Lastly, insight into rare genetic diseases can contribute to much more common diseases. Thus, the insight into the molecular etiology of rare diseases will not only help the affected families but also will contribute a wealth of knowledge to human biology shedding light on how we are structured and function in both health and disease, rare and more common. For example, the discovery that mutations in the NOTCH2 gene is responsible for the rare Hadju-Cheney syndrome (a disease exhibiting dramatic deficiencies in bone formation and degeneration) could provide great mechanistic insights into much more common forms of osteoporosis and may eventually give rise to better treatments for this complex disease (Majewski et al. 2011).

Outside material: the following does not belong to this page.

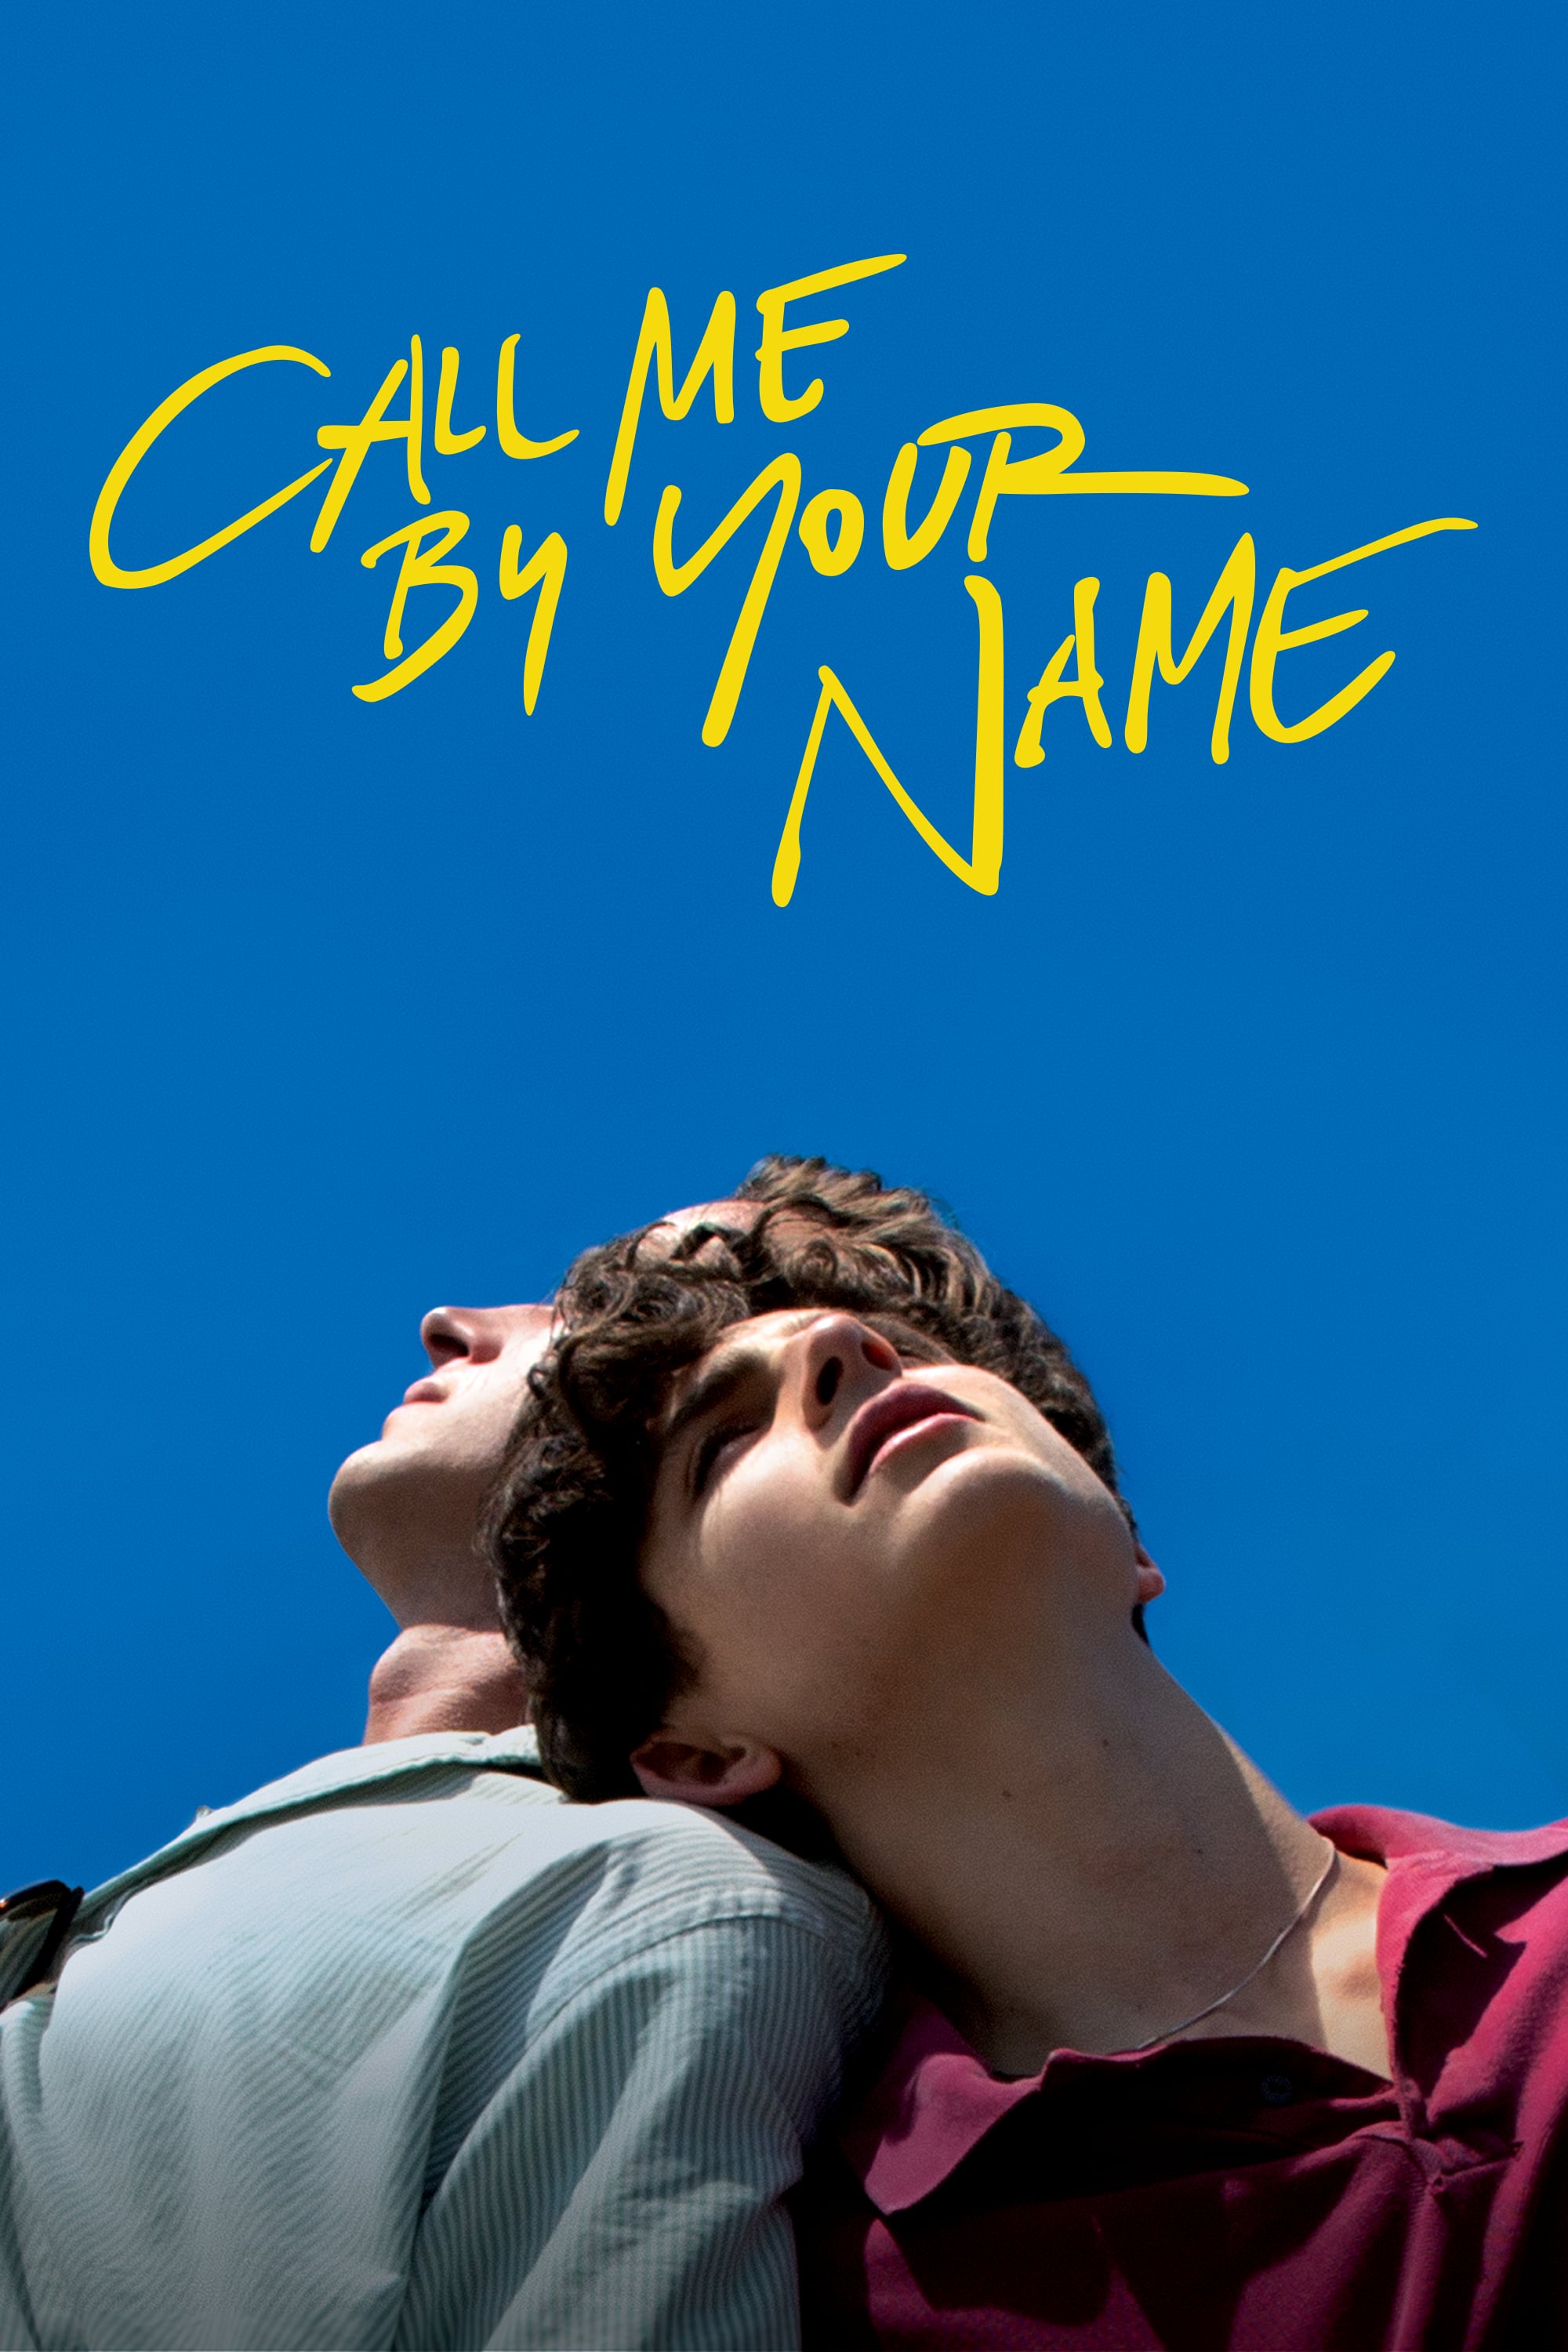 Plakat von "Call Me by Your Name"

Implications for Personalized Medicine

The integration of new technologies such as genomics into complex health systems represents a challenge for healthcare providers to fully embrace. The main reasons for this are:

  1. 1.

    The relative lack of good economic models for health technology assessment necessary for payers to see the value of proactive integration of genomics into the healthcare system.

  2. 2.

    A limited receptor capacity within a healthcare system that is not optimally adapted to the efficient translation of new technologies as they mature.

  3. 3.

    The lack of education and training of health care professionals in the field of genomics.

  4. 4.

    The lack of robust harmonized health information systems needed to integrate high density data sets (omics) with detailed clinical phenotypic data while making them readily accessible to the end user.

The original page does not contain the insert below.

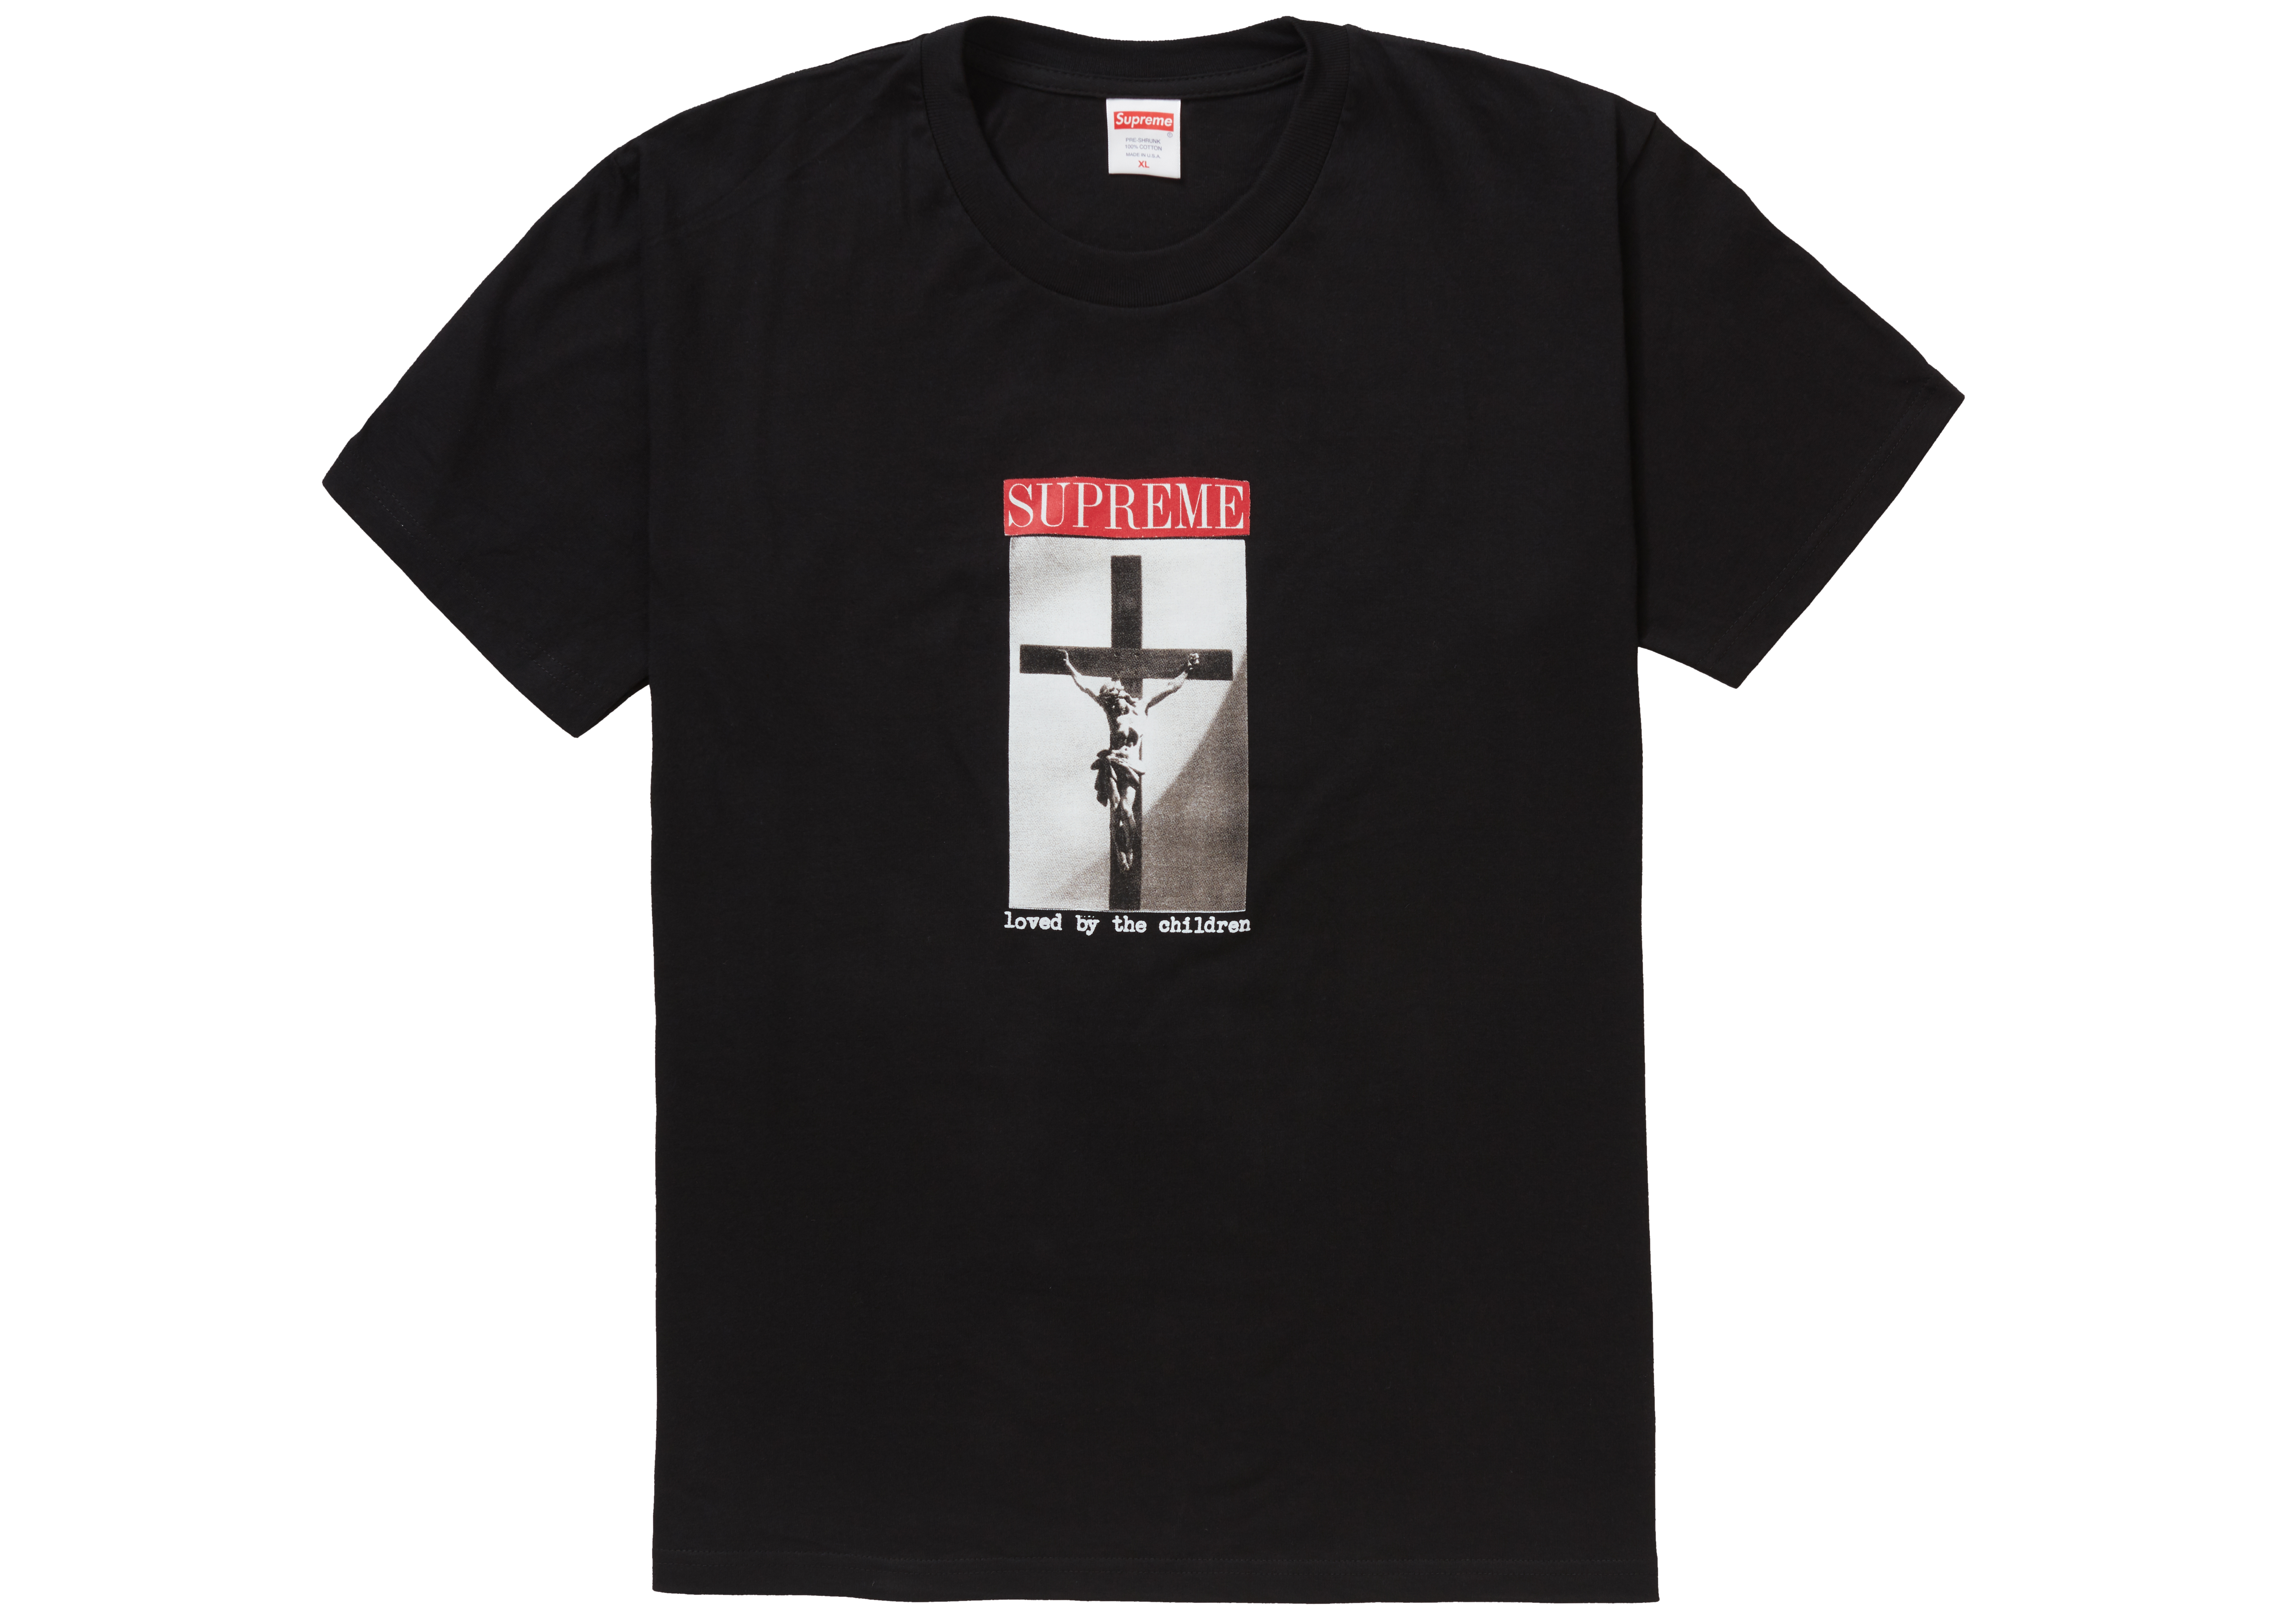 Supreme Loved By The Children Tee Black メンズ - SS20 - JP

Nonetheless and notwithstanding these barriers, we believe the work on rare diseases in Canada paves the way for more general integration of genomics technologies into the health system over time. Rare diseases represent the first true test case for personalized medicine and will, in our opinion, create the model of intervention for more common diseases in the future. We are learning through the rare disease program what genome sequencing can enable and, as importantly, what some of the limitations will be. Being able to stratify patient groups according to genomic profile will allow more targeted clinical assessments to be carried out and should give rise to more efficient drug development processes and ultimately more effective therapies. We are also learning how to deal with those discoveries which were unanticipated yet have clinical significance, the so called incidental finding; when and under what circumstances these should be communicated to patients and their families. Indeed one of the key integrated parts of the FORGE program is a study on what legal, ethical and social implications should be considered when whole genome sequencing is used to determine the root cause of a specific condition. How individuals are consented for these studies is critical as the ramifications of discovering incidental findings of a clinically actionable nature can be far reaching for both individuals and their families. But it is very early days for personalized medicine: we are at the very beginning of the application phase and so, for some, the potential benefits to patients and to the system are hard to imagine. As Arthur Kornberg (Nobel laureate who discovered the enzyme that replicates DNA) used to say: “the future is invented, not predicted”.